- _YOUR OBJECTIVE_: What you return must match the listing exactly, with every image removed.

- _RECORDED INFORMATION_:
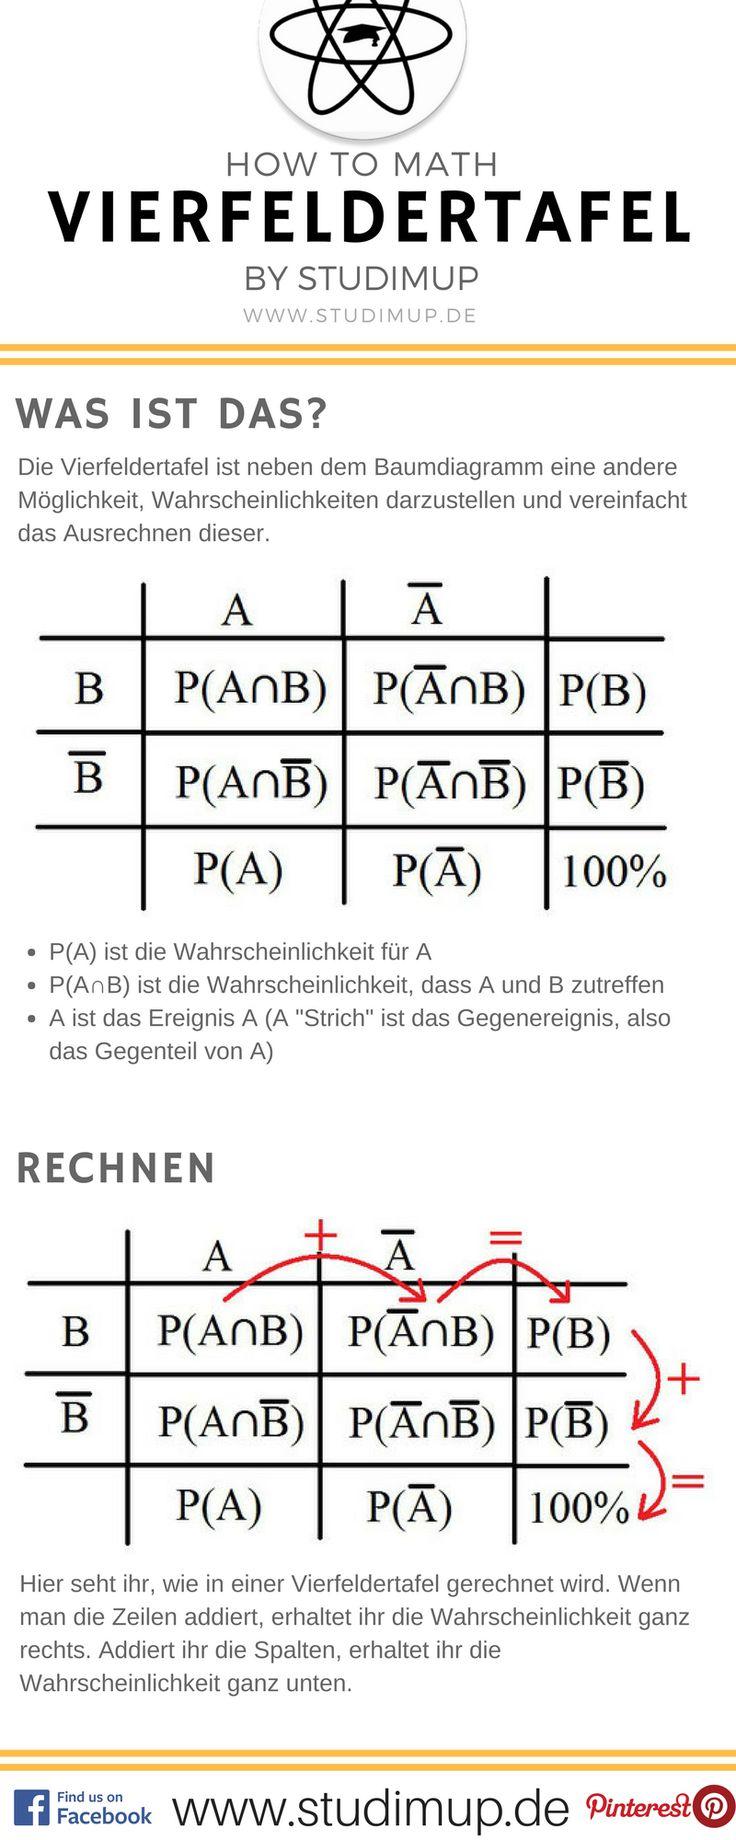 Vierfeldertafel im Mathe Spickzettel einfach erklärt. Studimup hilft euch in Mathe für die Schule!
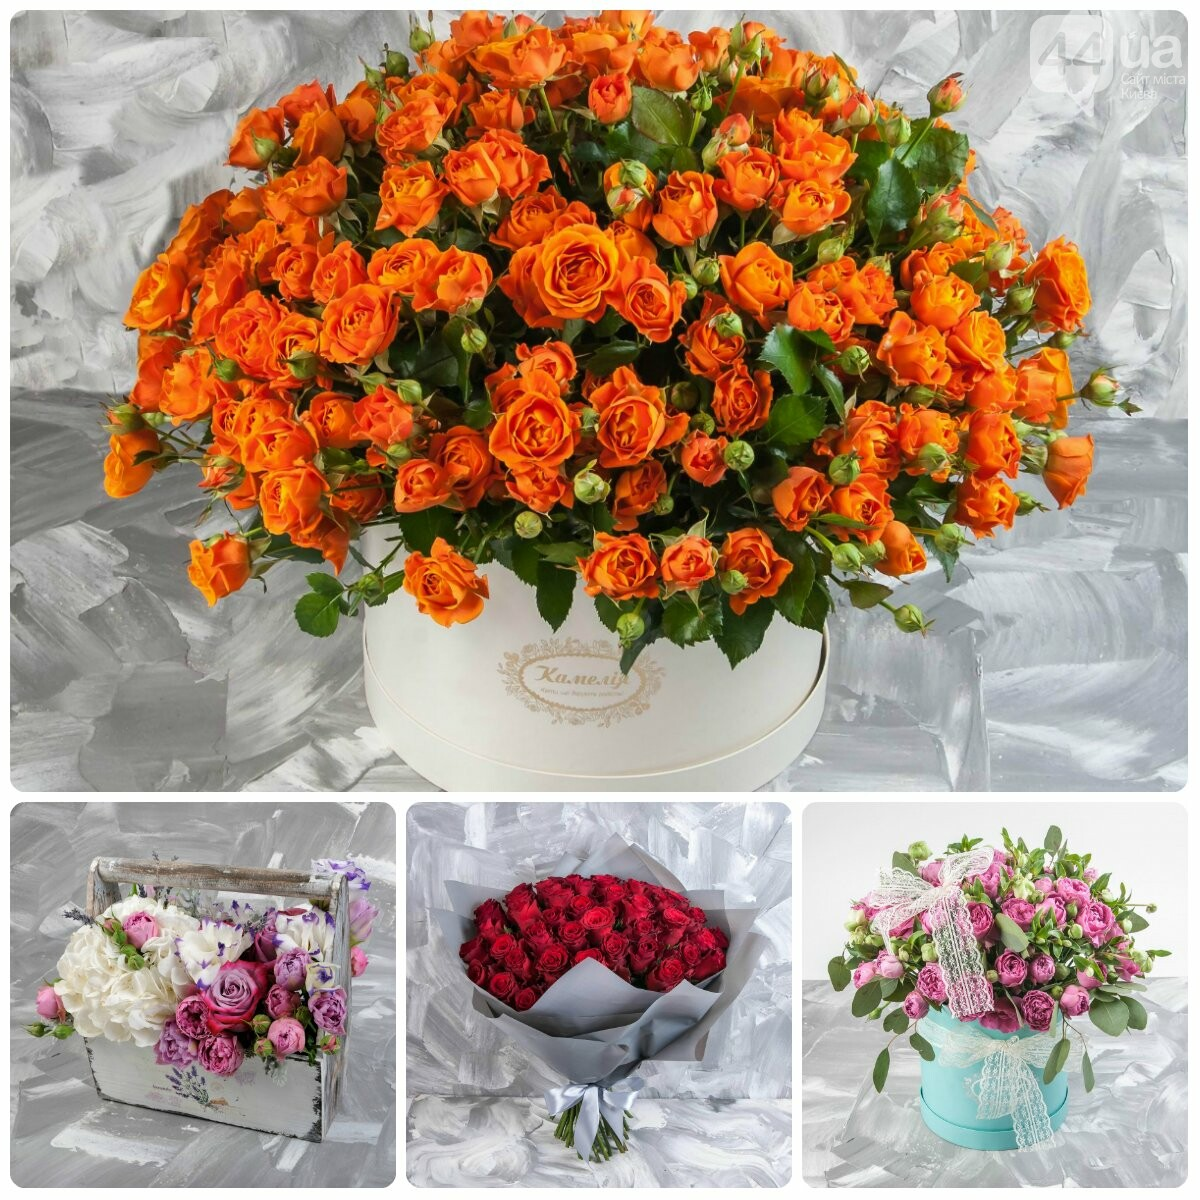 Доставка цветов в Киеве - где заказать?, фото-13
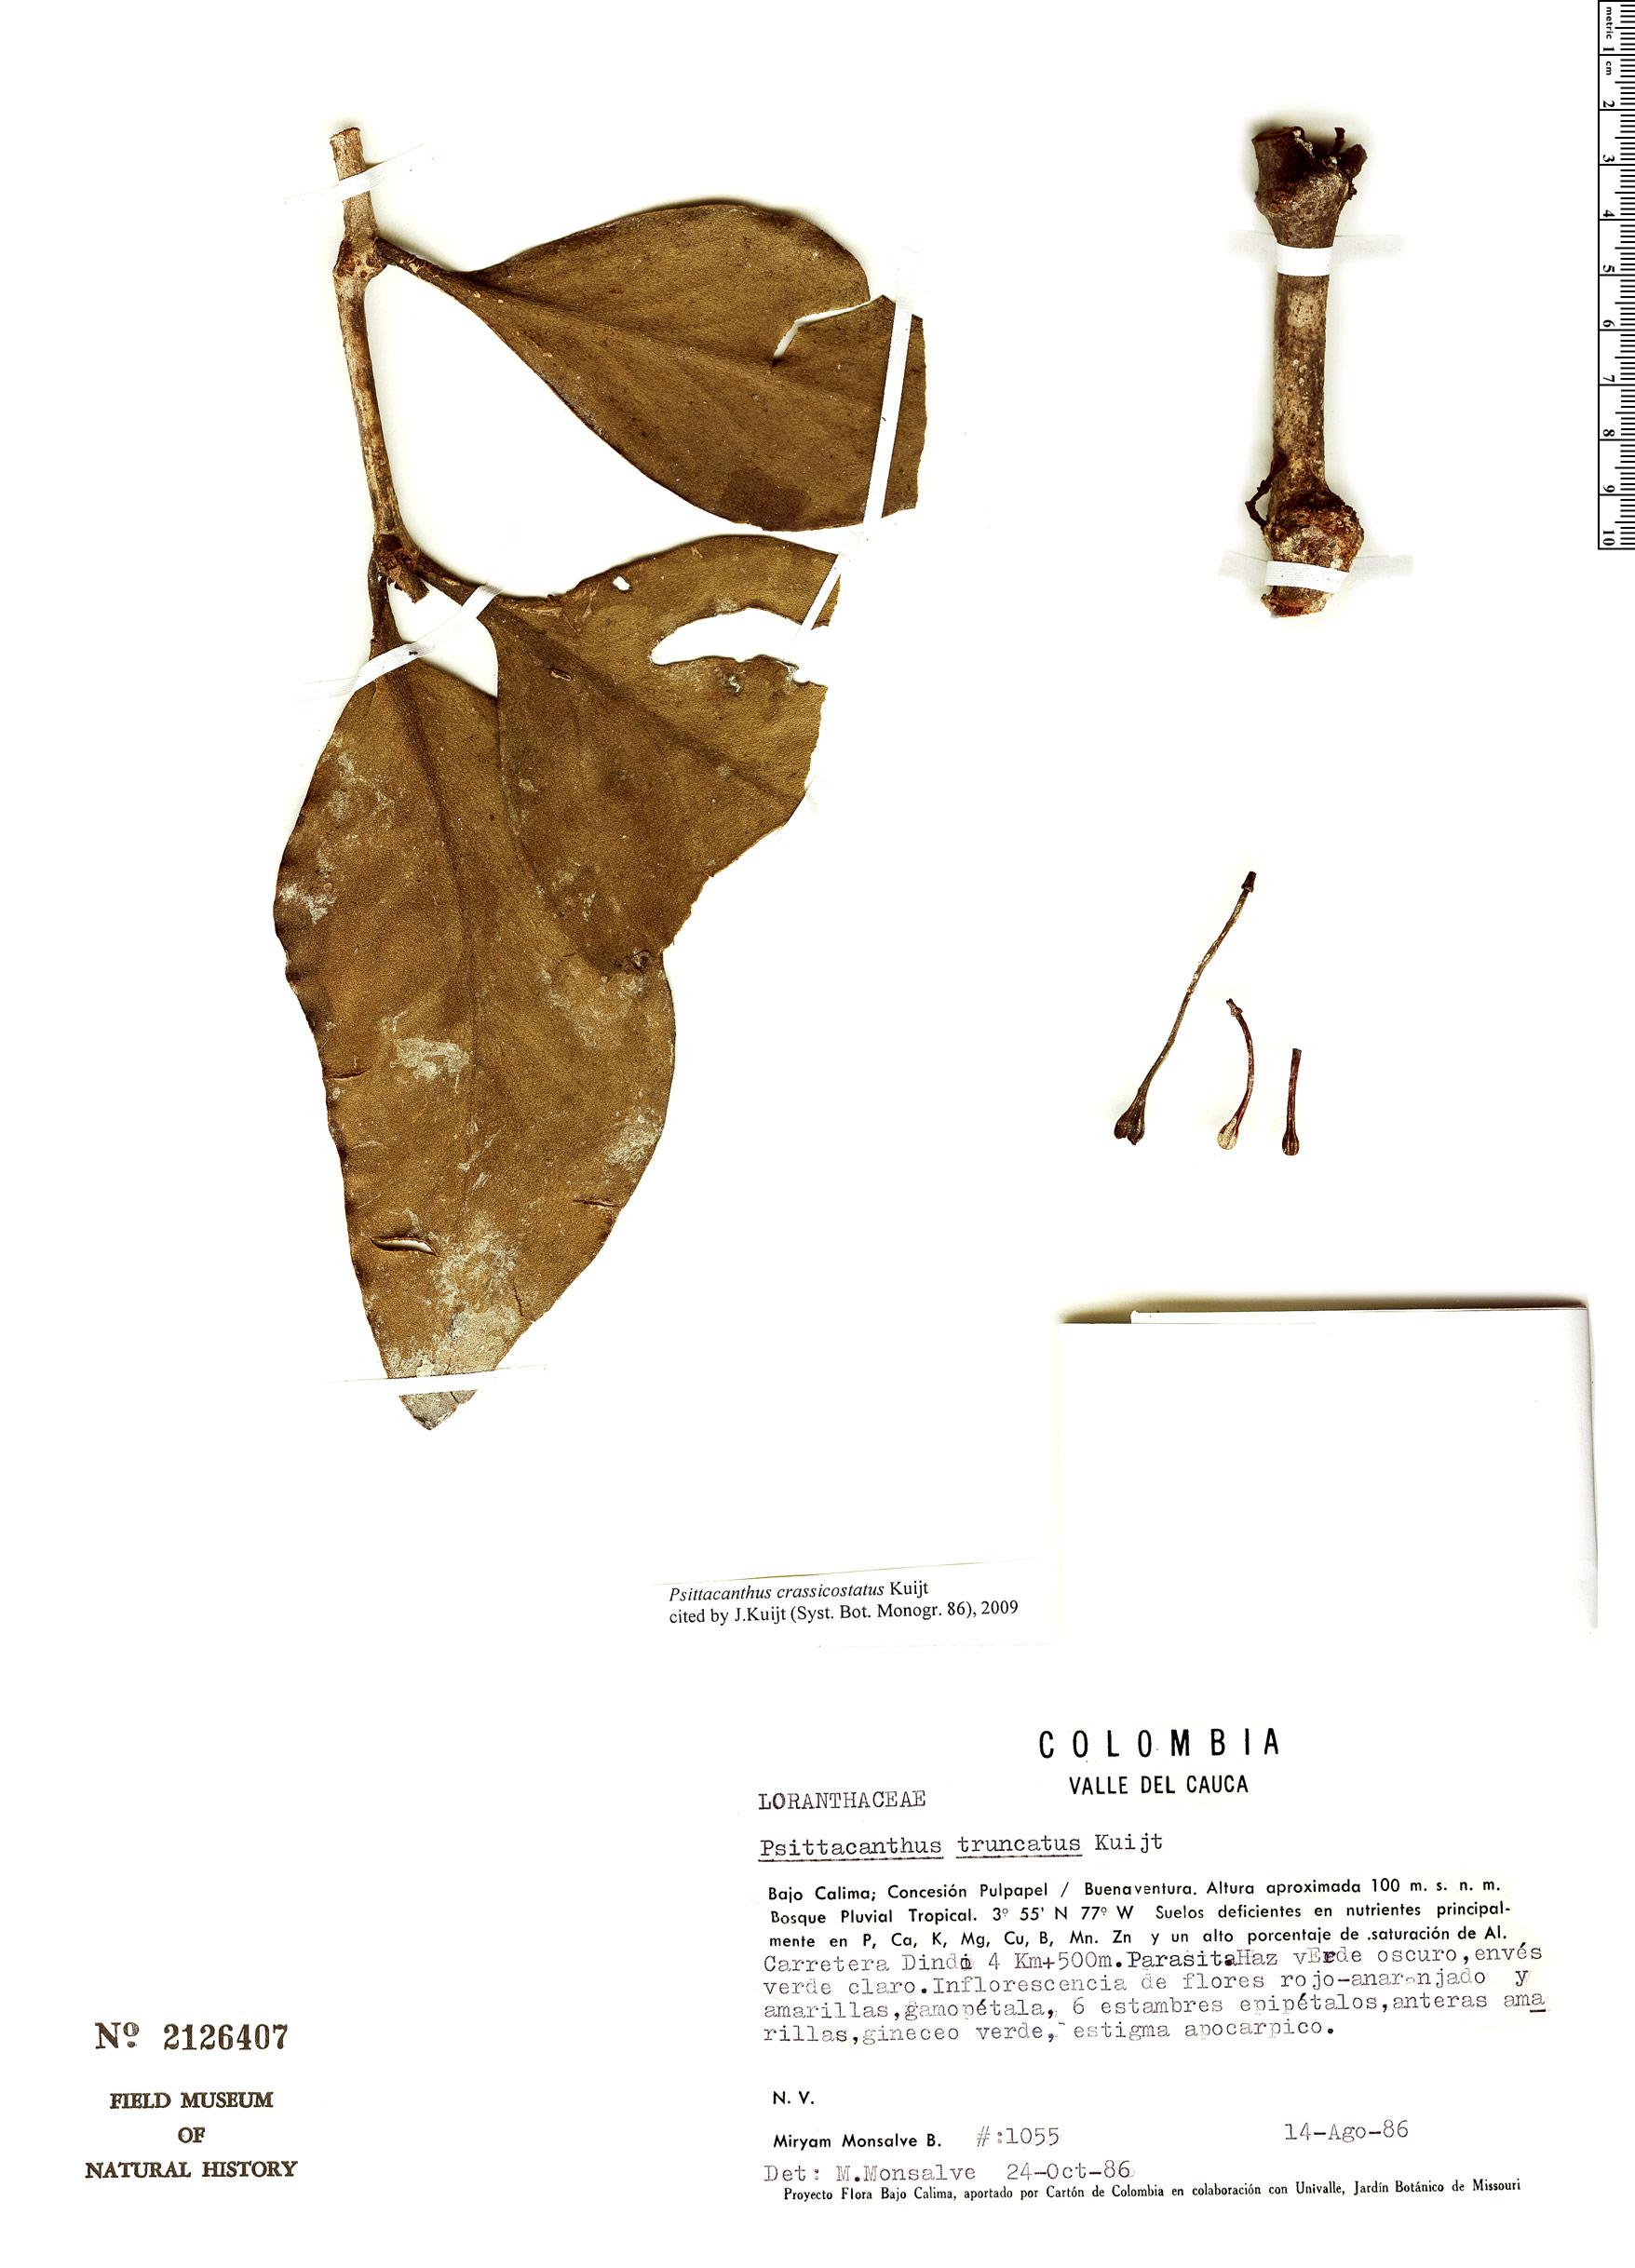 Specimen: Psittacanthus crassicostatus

- _SOLUTION_:
 Vierfeldertafel im Mathe Spickzettel einfach erklärt. Studimup hilft euch in Mathe für die Schule!
 Доставка цветов в Киеве - где заказать?, фото-13
 Specimen: Psittacanthus crassicostatus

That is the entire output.